I need to write a function to answer these specifications:

clean_list( [],s1] = NONE

clean_list( xs, "") = NONE

clean_list ([s1, s1, s1, s1], s1) = NONE

clean_list([s1, s2, s3, s2, s1], s3) = [s1, s2, s2, s1]

where s1 , s2 , s3 are some strings and xs a list of strings.

I was able to do it using the two helper functions is_into(xs: string list, s1: string) -> bool and remove(xs: string list, s1: string) -> string list but it seems ugly to recurse twice through the list.

clean_list(xs: string list, s1: string) =
    case (xs, s1) of
         ( [], _ ) => NONE
        |( _, "" ) => NONE
        |( _, _) => if is_into(xs, s1)
                    then remove(xs, s1)
                    else NONE

Is there a way to do it without recursing in the list twice (once in is_into and once in remove )?

Note: None of builtin functions are to be used.

Sorry i forgot an important case in the specifications

clean_list ([s1, s2, s3, s4], s10] = NONE

Answer 1

Your clean_list function doesn't typecheck since some branches have type 'a option and others have type 'b list .

Assuming you would like to return 'b list , NONE should be replaced by [] . You can use pattern matching recursively on clean_list to avoid the need of auxiliary functions:

fun clean_list(xs: string list, s1: string) =
    case (xs, s1) of
      ([], _) => []
    | (_, "") => []
    | (x::xs', _) => if x = s1 
                     then clean_list(xs', s1)
                     else x::clean_list(xs', s1)

Answer 2

You can easily go through the list once, element by element and removing all that matches the given string, returning SOME lst at the end, where lst is the resulting list

fun clean_list ([], _ ) = NONE
  | clean_list (_, "") = NONE
  | clean_list (xs, str) =
    let
      fun clean_list' [] = []
        | clean_list' (x::xs) =
          if x = str then
            clean_list' xs
          else
            x :: clean_list' xs
    in
      SOME (clean_list' xs)
    end

Update

I noticed that the above code actually doesn't handle the case: clean_list ([s1, s1, s1, s1], s1) = NONE . However this is an easy fix.
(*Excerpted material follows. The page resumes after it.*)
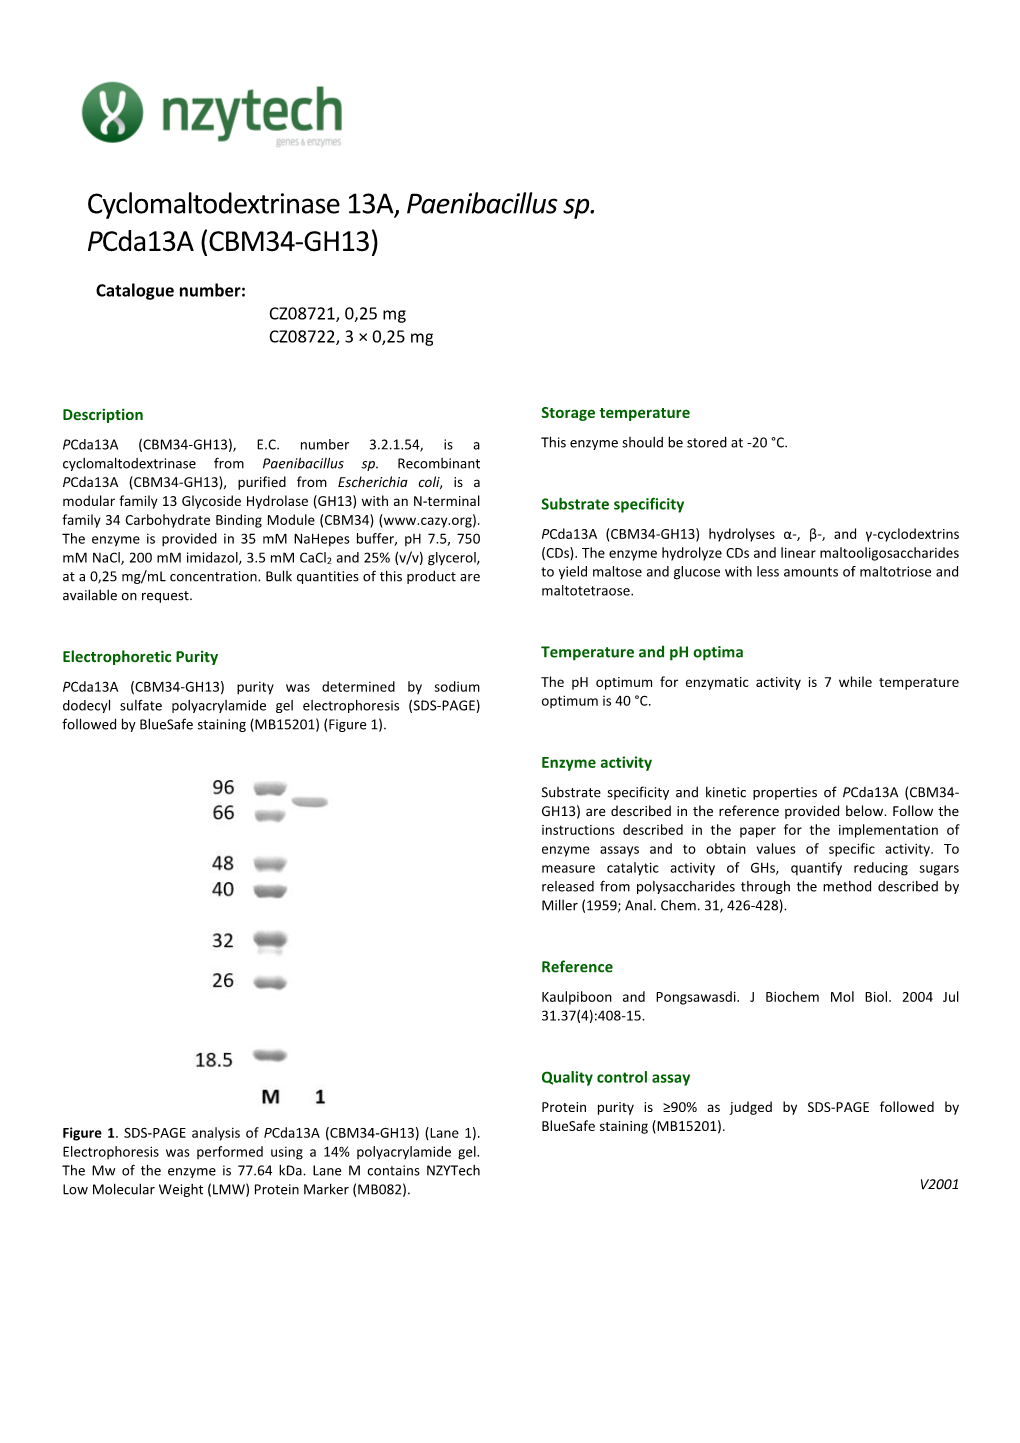 Cyclomaltodextrinase 13A, Paenibacillus Sp. Pcda13a (CBM34-GH13)
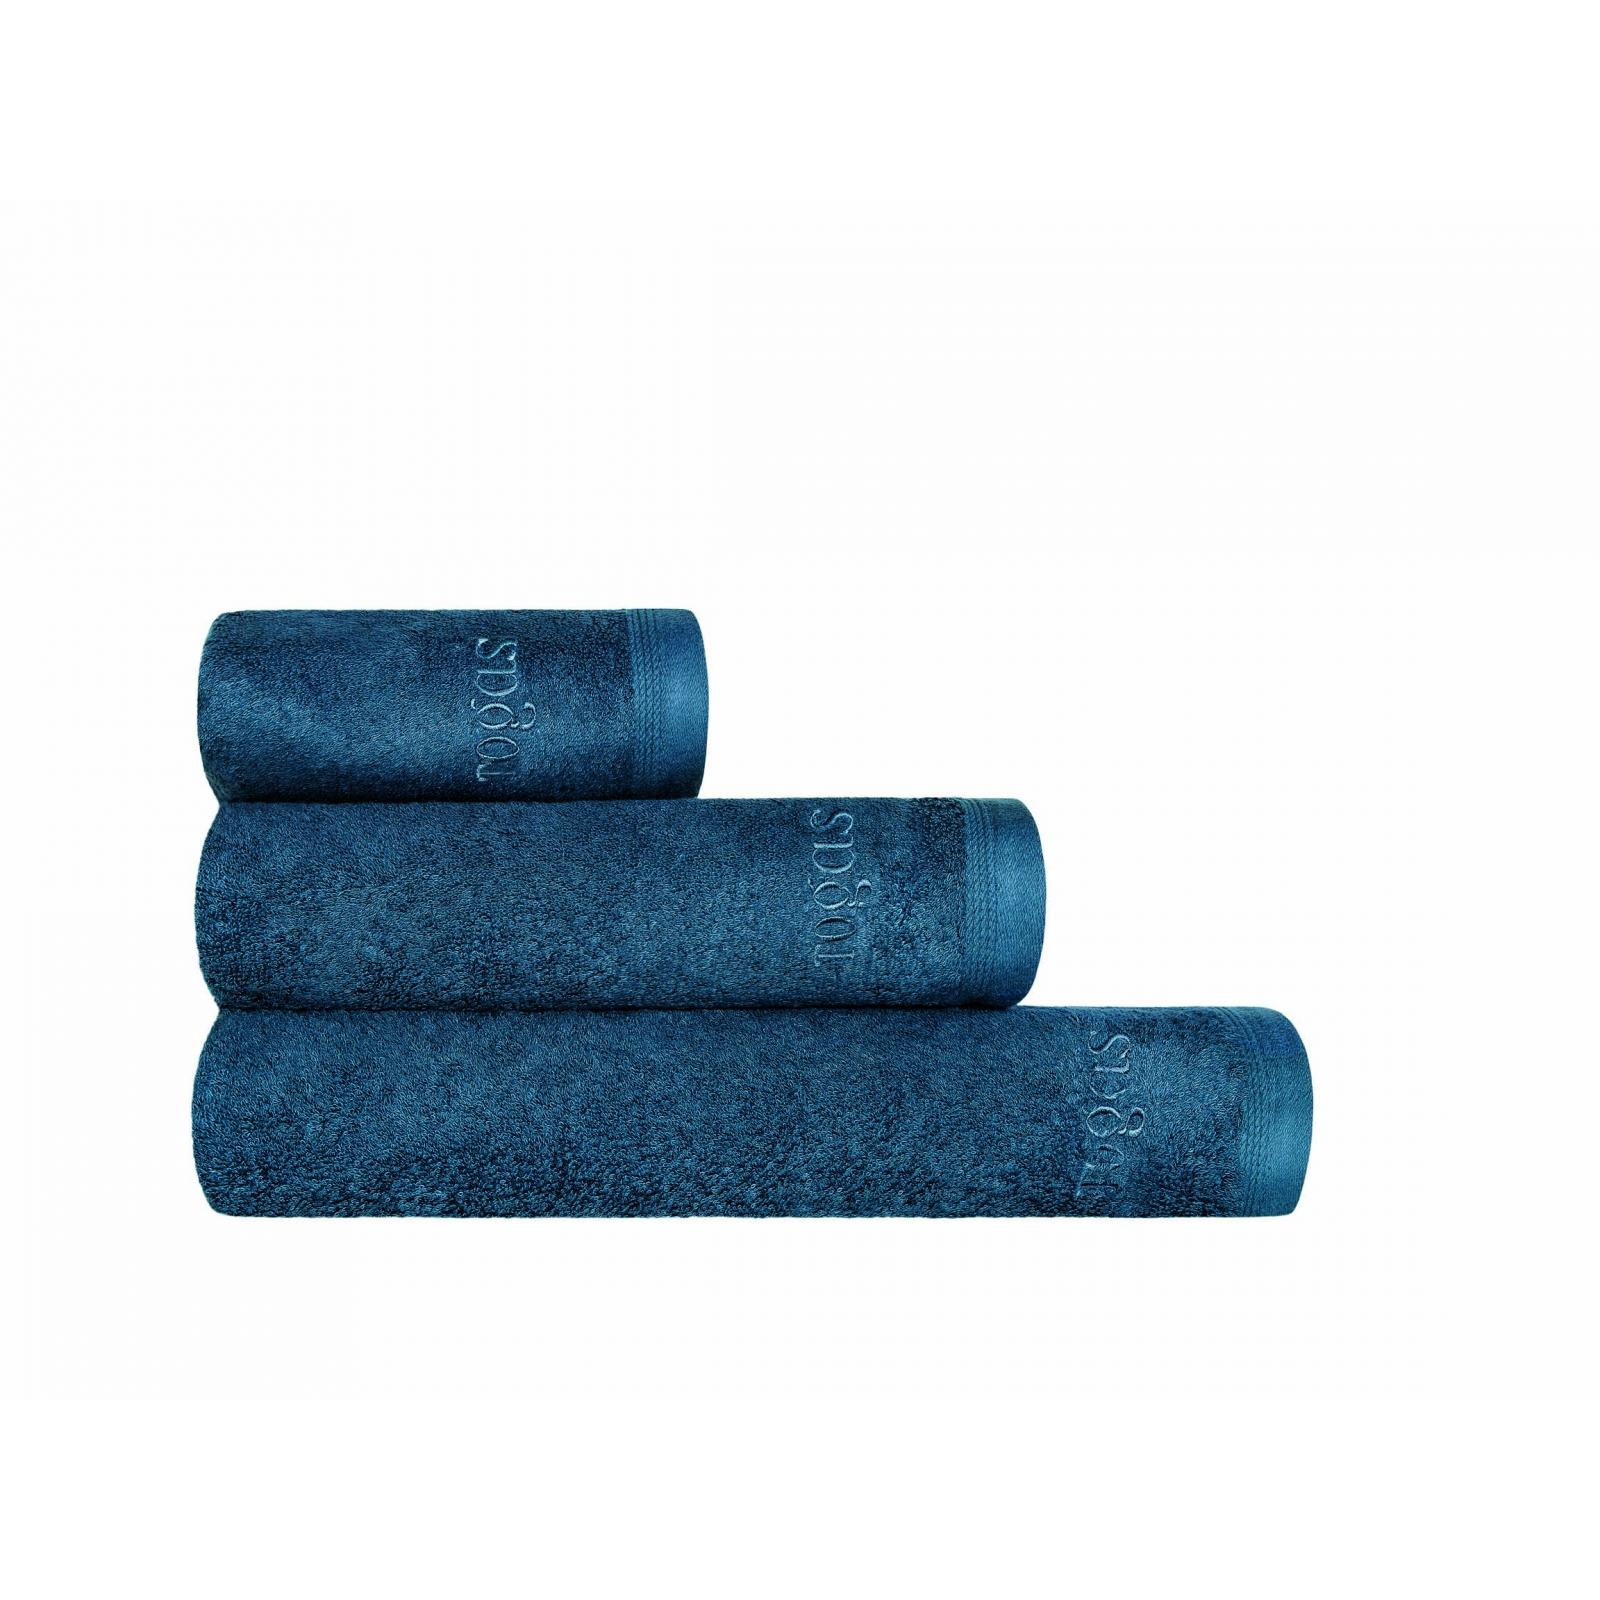 Полотенце Togas Пуатье темно-синее 40х60 см полотенце togas пуатье темно синее 40х60 см

I can see that given your new updated specification, that if the element is not in the list in the first place, then NONE should be returned. This is the same as saying, if no elements was removed while going through all the elements, then return NONE .

Hopefully you can see that this can be implemented by added an extra Boolean argument to the helper function, initially setting it to false, and then passing along its value in each recursive call, except in the case where an element is removed, here it can always be set to true.

This can then be used to determine weather to return the SOME lst , where lst is the resulting list, or NONE if no elements was removed.

Given these two things, that needs to be fixed, it would probably bee a good idea to have the helper function built up its result in an accumulating argument, instead. This way you have full control and can easily return NONE when the accumulating list is empty at the end.